Retinal Disease Classification using OCT Images
Hybrid CNN architectures with attention mechanisms for multi-class retinal disease identification.
Overview
This research presents a novel approach to automated retinal disease classification using Optical Coherence Tomography (OCT) images. By incorporating Convolutional Block Attention Module (CBAM) and skip connections into pre-trained CNNs, we achieved state-of-the-art performance in identifying eight different retinal conditions.
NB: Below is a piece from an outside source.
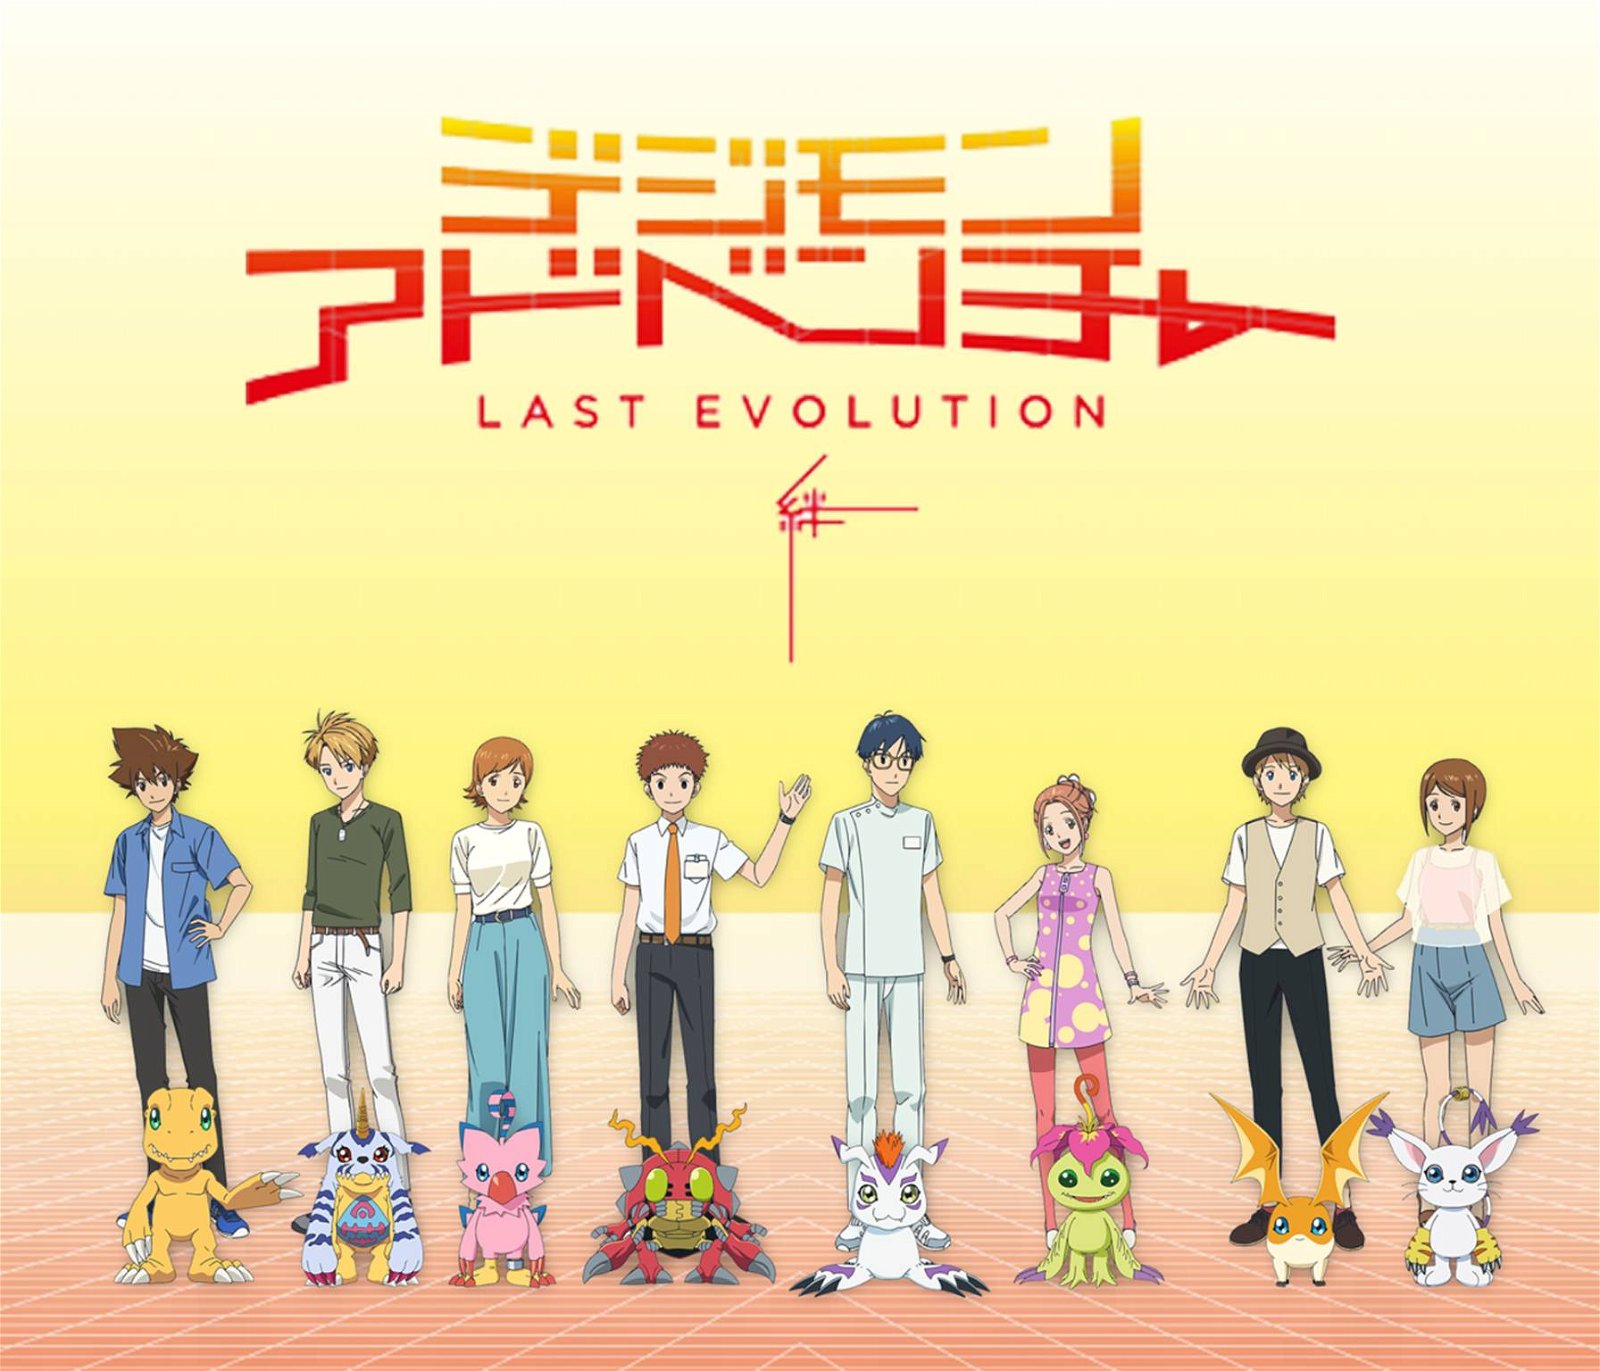 Immagine di Digimon Adventure: Last Evolution Kizuna, trailer e poster del nuovo film

Published at the 3rd International Conference on Computing Advancements (ICCA 2024), this work addresses the critical need for automated diagnostic tools in ophthalmology, potentially preventing blindness through early disease detection.
Tools & Technologies
Python TensorFlow Keras OpenCV NumPy Pandas Matplotlib CBAM DenseNet121 Xception
Research Motivation
Millions of people worldwide suffer from retinal diseases that, if left untreated, can lead to preventable blindness. Traditional manual diagnosis methods are:
- Time-consuming and labor-intensive
- Subject to inter-observer variability
- Limited by the availability of specialized ophthalmologists
- Prone to human error in early-stage disease detection
Our automated approach using deep learning aims to overcome these limitations by providing fast, consistent, and accurate diagnoses.
Technical Approach
1. Hybrid Architecture Design
We developed a novel architecture combining three key components:
Pre-trained CNNs
Leveraged transfer learning with DenseNet121, ResNet50, VGG16, Xception, and EfficientNetB1
CBAM Module
Enhanced feature extraction by focusing on pathologically significant regions in OCT images
Skip Connections
Facilitated direct information flow between layers, preserving fine-grained features
2. Dataset: OCT-C8
The study utilized the comprehensive OCT-C8 dataset containing:
- 8 Classes: 7 disease types + 1 healthy class
- Diseases Covered:
- Age-related Macular Degeneration (AMD)
- Diabetic Macular Edema (DME)
- Epiretinal Membrane (ERM)
- Macular Hole (MH)
- Retinal Artery Occlusion (RAO)
- Retinal Vein Occlusion (RVO)
- Vitreomacular Traction (VMT)
- Normal retina
3. Model Architecture
# Simplified architecture overview
Input OCT Image → Pre-trained CNN Base → CBAM Module → Skip Connection →
Dense Layers → Softmax Classification → Disease Prediction
Results & Performance
96.28%
DenseNet-CBAM-Skip Accuracy
96.11%
Xception-CBAM-Skip Accuracy
96.31%
F1-Score (DenseNet)
8
Classes Identified
Performance Comparison
Our hybrid models significantly outperformed baseline pre-trained models:
- DenseNet121 (baseline): 91.2% → DenseNet-CBAM-Skip: 96.28% (+5.08%)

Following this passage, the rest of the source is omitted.